» Aim of the exercise
Below are entries. Copy exactly the lines running from the line that holds "CCN - Centro de Convivência Negra" to the line that holds "DEWALT MAJA /", with both ends included.

(Extracted records)

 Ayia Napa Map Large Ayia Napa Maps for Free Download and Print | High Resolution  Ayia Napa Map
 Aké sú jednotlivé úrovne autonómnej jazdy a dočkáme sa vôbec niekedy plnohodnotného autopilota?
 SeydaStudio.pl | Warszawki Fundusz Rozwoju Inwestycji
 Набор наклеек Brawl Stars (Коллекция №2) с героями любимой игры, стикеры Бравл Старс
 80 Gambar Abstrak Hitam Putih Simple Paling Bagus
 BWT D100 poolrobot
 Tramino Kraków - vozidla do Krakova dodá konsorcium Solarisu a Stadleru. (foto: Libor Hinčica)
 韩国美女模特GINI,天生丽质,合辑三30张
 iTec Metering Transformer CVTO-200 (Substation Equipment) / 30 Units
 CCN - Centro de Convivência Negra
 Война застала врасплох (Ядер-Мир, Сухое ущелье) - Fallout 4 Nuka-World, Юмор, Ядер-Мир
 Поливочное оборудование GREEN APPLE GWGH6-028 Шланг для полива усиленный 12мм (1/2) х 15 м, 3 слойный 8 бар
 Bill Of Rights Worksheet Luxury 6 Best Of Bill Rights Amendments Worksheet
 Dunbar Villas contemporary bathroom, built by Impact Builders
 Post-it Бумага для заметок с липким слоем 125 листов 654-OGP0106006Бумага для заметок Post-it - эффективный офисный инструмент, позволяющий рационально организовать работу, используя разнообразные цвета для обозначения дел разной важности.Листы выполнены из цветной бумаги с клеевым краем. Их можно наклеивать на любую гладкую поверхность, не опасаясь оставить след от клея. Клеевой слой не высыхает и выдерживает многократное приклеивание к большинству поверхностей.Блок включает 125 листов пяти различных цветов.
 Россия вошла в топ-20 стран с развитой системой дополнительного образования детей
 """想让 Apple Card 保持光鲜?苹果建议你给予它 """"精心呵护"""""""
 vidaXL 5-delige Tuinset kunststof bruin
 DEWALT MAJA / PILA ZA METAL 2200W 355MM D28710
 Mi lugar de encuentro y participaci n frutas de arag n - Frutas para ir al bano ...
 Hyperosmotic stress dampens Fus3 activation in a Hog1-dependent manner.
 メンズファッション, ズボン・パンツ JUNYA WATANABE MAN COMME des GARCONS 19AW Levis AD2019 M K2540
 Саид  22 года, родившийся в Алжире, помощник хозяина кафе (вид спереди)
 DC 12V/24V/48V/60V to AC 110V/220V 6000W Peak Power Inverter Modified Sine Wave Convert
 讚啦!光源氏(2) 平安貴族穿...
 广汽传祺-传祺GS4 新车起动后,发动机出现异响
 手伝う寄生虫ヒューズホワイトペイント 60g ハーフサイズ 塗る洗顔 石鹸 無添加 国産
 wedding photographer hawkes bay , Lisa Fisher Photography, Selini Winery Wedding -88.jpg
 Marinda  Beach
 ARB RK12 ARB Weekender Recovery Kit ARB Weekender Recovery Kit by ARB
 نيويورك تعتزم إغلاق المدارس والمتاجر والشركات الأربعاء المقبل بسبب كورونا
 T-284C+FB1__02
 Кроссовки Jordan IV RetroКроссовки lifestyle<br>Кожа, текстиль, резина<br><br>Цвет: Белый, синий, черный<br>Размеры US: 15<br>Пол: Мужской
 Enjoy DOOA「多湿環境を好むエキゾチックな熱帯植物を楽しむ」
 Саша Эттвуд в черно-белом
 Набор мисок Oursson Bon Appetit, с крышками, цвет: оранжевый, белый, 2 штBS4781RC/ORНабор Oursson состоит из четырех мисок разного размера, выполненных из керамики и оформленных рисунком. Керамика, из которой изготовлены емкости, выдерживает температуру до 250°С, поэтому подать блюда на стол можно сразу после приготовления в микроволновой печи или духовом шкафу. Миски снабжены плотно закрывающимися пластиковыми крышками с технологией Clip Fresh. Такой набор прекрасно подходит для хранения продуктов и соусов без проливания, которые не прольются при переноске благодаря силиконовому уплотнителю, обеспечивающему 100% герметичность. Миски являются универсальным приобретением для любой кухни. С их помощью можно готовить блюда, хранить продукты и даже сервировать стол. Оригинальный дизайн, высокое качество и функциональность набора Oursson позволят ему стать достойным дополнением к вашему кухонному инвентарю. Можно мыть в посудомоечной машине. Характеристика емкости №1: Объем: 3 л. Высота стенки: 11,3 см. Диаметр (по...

» Your response
 CCN - Centro de Convivência Negra
 Война застала врасплох (Ядер-Мир, Сухое ущелье) - Fallout 4 Nuka-World, Юмор, Ядер-Мир
 Поливочное оборудование GREEN APPLE GWGH6-028 Шланг для полива усиленный 12мм (1/2) х 15 м, 3 слойный 8 бар
 Bill Of Rights Worksheet Luxury 6 Best Of Bill Rights Amendments Worksheet
 Dunbar Villas contemporary bathroom, built by Impact Builders
 Post-it Бумага для заметок с липким слоем 125 листов 654-OGP0106006Бумага для заметок Post-it - эффективный офисный инструмент, позволяющий рационально организовать работу, используя разнообразные цвета для обозначения дел разной важности.Листы выполнены из цветной бумаги с клеевым краем. Их можно наклеивать на любую гладкую поверхность, не опасаясь оставить след от клея. Клеевой слой не высыхает и выдерживает многократное приклеивание к большинству поверхностей.Блок включает 125 листов пяти различных цветов.
 Россия вошла в топ-20 стран с развитой системой дополнительного образования детей
 """想让 Apple Card 保持光鲜?苹果建议你给予它 """"精心呵护"""""""
 vidaXL 5-delige Tuinset kunststof bruin
 DEWALT MAJA / PILA ZA METAL 2200W 355MM D28710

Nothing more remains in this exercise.